Топорик послушно повернул вертолет влево и начал снижаться. А Магомад, глянув вправо, увидел пылящий по дороге «УАЗ-469» и востороженно воскликнул:
— Иншалла! Брат едет!
Вертолет перелетел полосу кустов, росших у берега реки, и завис над лугом. Топорик стал осторожно сбрасывать обороты, и через несколько секунд «двушка» мягко встала колесами на выкошенный луг. «Уазик» в это самое время на большой скорости пересек мост, проехал наиболее крутой участок насыпи, а затем лихо спустился с дороги и, подпрыгивая на ухабах, покатил через луг к вертолету.
— Э, открывай дверь! — нетерпеливо воскликнул Магомад. — Я три года брата живым не видал, только по телефону говорили…
— Лесенку-то дай поставить, Хасаныч! — воскликнул Ляпунов, но Магомад, едва открылась дверца, выпрыгнул на траву и побежал навстречу «уазику». Автомобиль тормознул, не доехав несколько метров до вертолета, и из-за его баранки выпрыгнул немолодой, но явно помоложе Магомада усатый гражданин в серой папахе, камуфляжных штанах, заправленных в юфтевые сапоги, и белой рубашке с галстуком. На ремешке через плечо у него висела пластмассовая кобура со «стечкиным», а к поясу был пристегнут футляр с рацией.
— Ассалам алейкум, Магомад!
— Ваалейкум салам, Алим!
И Братья обнялись, соприкоснулись щеками и далее заговорили на родном языке, который даже такой полиглот, как Ляпунов, явно не понимал. Таран, конечно, поеживался, потому как братцы могли в перерывах между объятиями договориться, например, о том, как тихо и без особой стрельбы отделаться от лиц, сопровождающих Магомада, то есть от «мамонтов», Ольгерда и немца.
— А горючки у меня, если что, почти ни хрена, — прошептал на ухо капитану Топорик, когда «мамонты» вылезли из кабины. Ляпунов только развел руками:
— Иншалла!
Тем временем Магомад обвел рукой всех «мамонтов» и сказал братцу по-русски:
— Вот, Алим, эти люди меня из-под земли достали! Ахмед от них, правда, убежал, но это даже хорошо. Я сам с ним разберусь. Немного позже. Это настоящие джигиты, валлаги! Но у них теперь керосина не хватает. Им надо позвонить, чтобы сюда подъехали и помогли улететь.
— Какие проблемы! Позвонят, конечно. Но вы, наверное, немножко кушать хотите? — спросил Али. — Садитесь, пожалуйста. Как раз к обеду прилетели. Вертолет можно так оставить — не украдут.

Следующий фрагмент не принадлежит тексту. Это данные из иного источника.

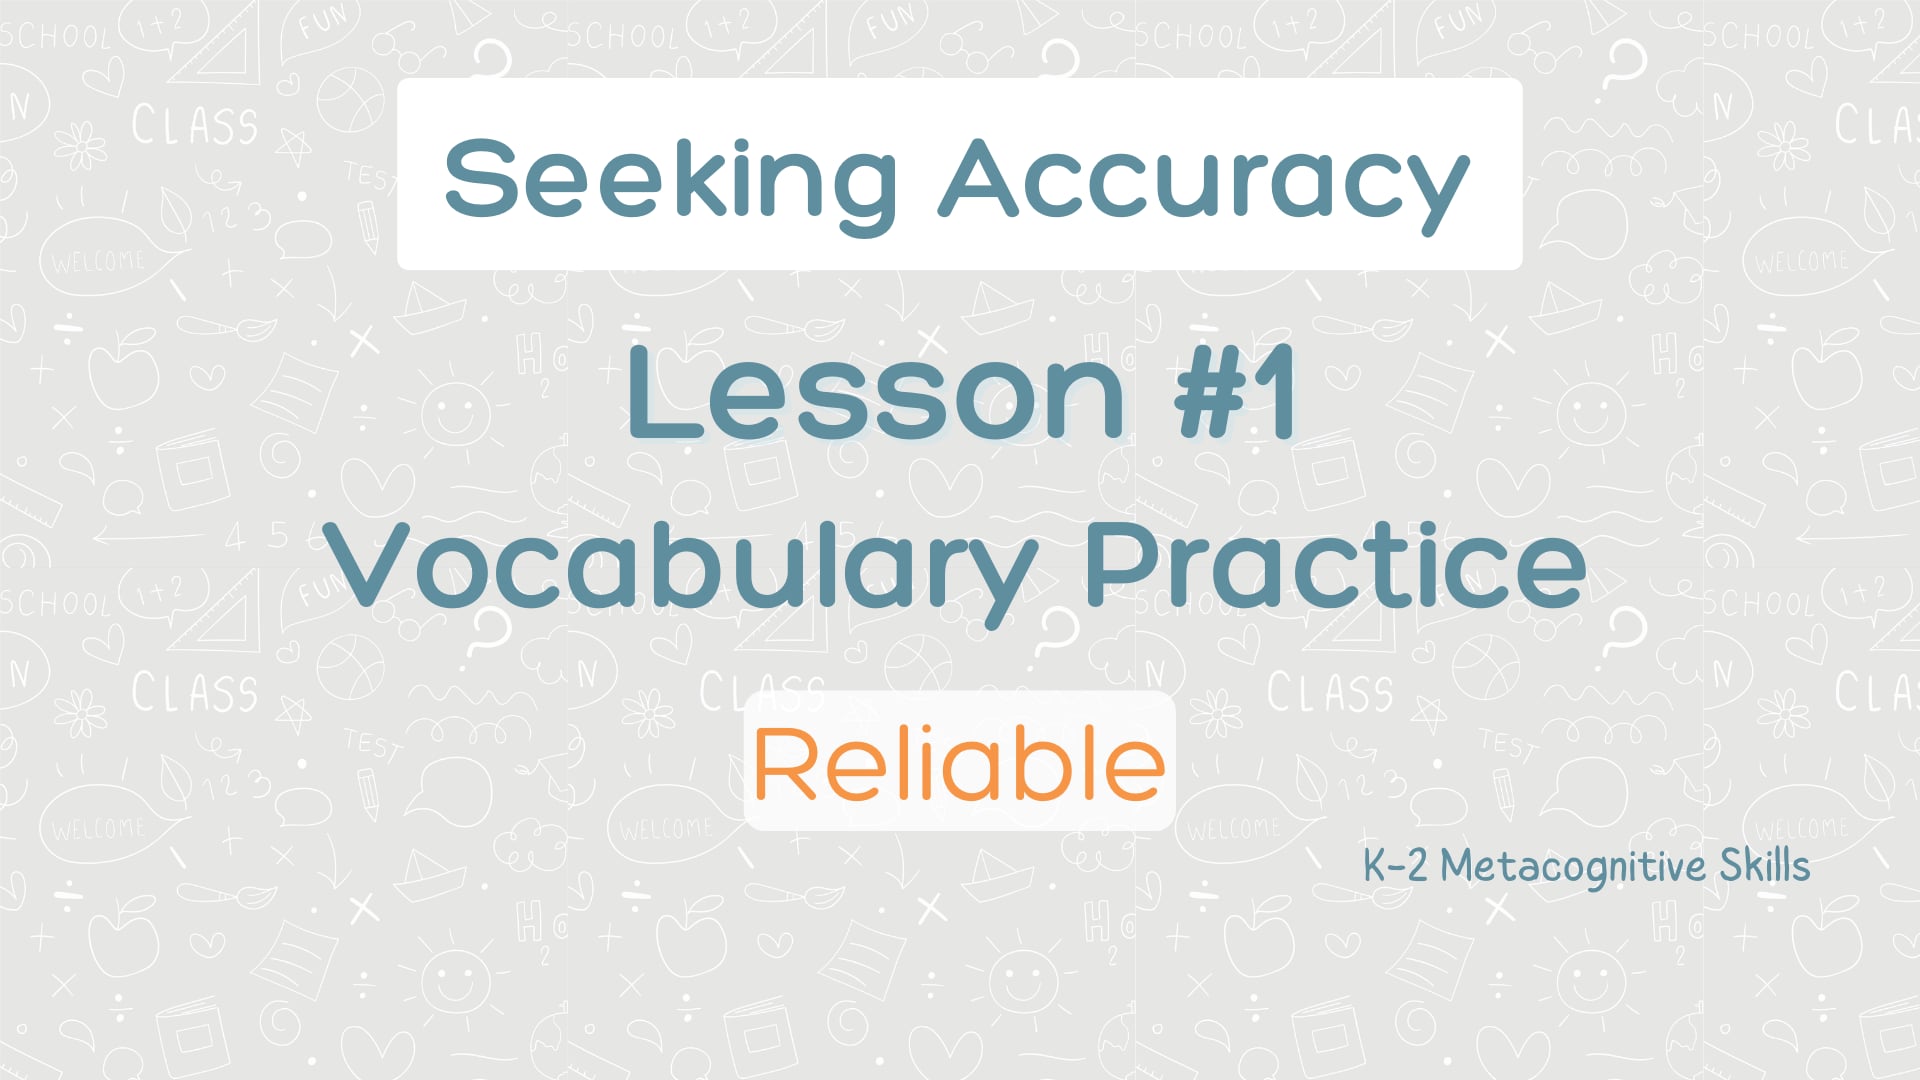 Lesson #1 Vocabulary Practice: Reliable video thumbnail

— С оружием к вам можно? — спросил Ляпунов. — Никто не обидится?
— Видишь, сам хожу? — Алим похлопал по кобуре со «стечкиным». — Вы — гости, вы этим оружием моего старшего брата спасли, вам — можно!
Тут его взгляд упал на скованные «браслетками» руки Карла Бунке.

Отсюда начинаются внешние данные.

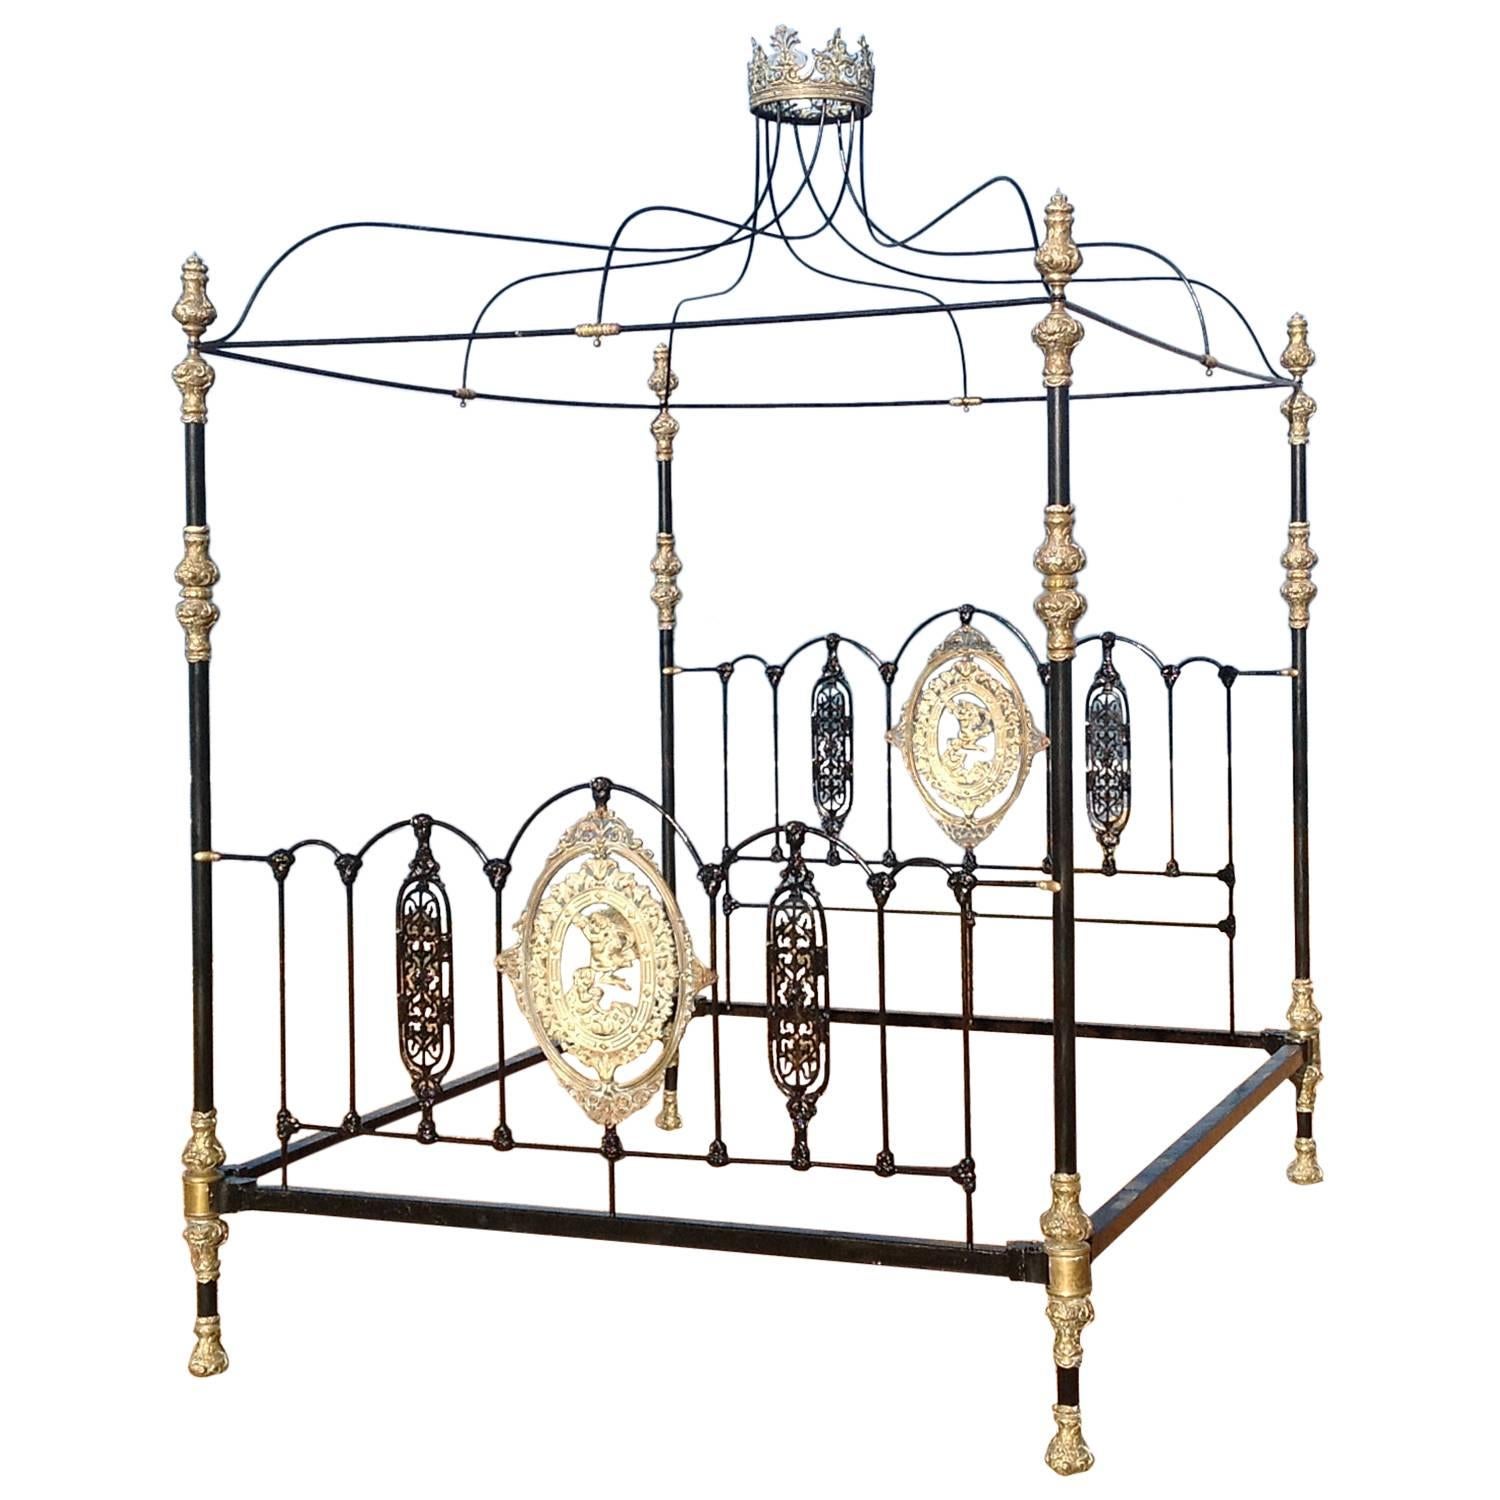  Four Poster Bed with Canopy and Crown  - M4P14

— А этот лейтенант, что, арестованный?
— Да-да, — не моргнув глазом ответил Магомад, — пьяный напился, хотел на вертолете к девушке лететь. Теперь судить будут…
— Нехорошо! Но он тоже кушать хочет, да? Наверное, можно наручники снять на время?
— Можно, — кивнул Ляпунов, понимая, что экс-геноссе, даже если его пинками погнать, никуда не удерет. Топорик быстренько открыл наручники ключиком, взял Карла под ручку и сказал:
— Битте!
В это время к месту посадки вертолета подкатил джип «Чероки-Ларедо», из которого выскочили два коренастых паренька в камуфляже с помпами «Иж-81» в руках.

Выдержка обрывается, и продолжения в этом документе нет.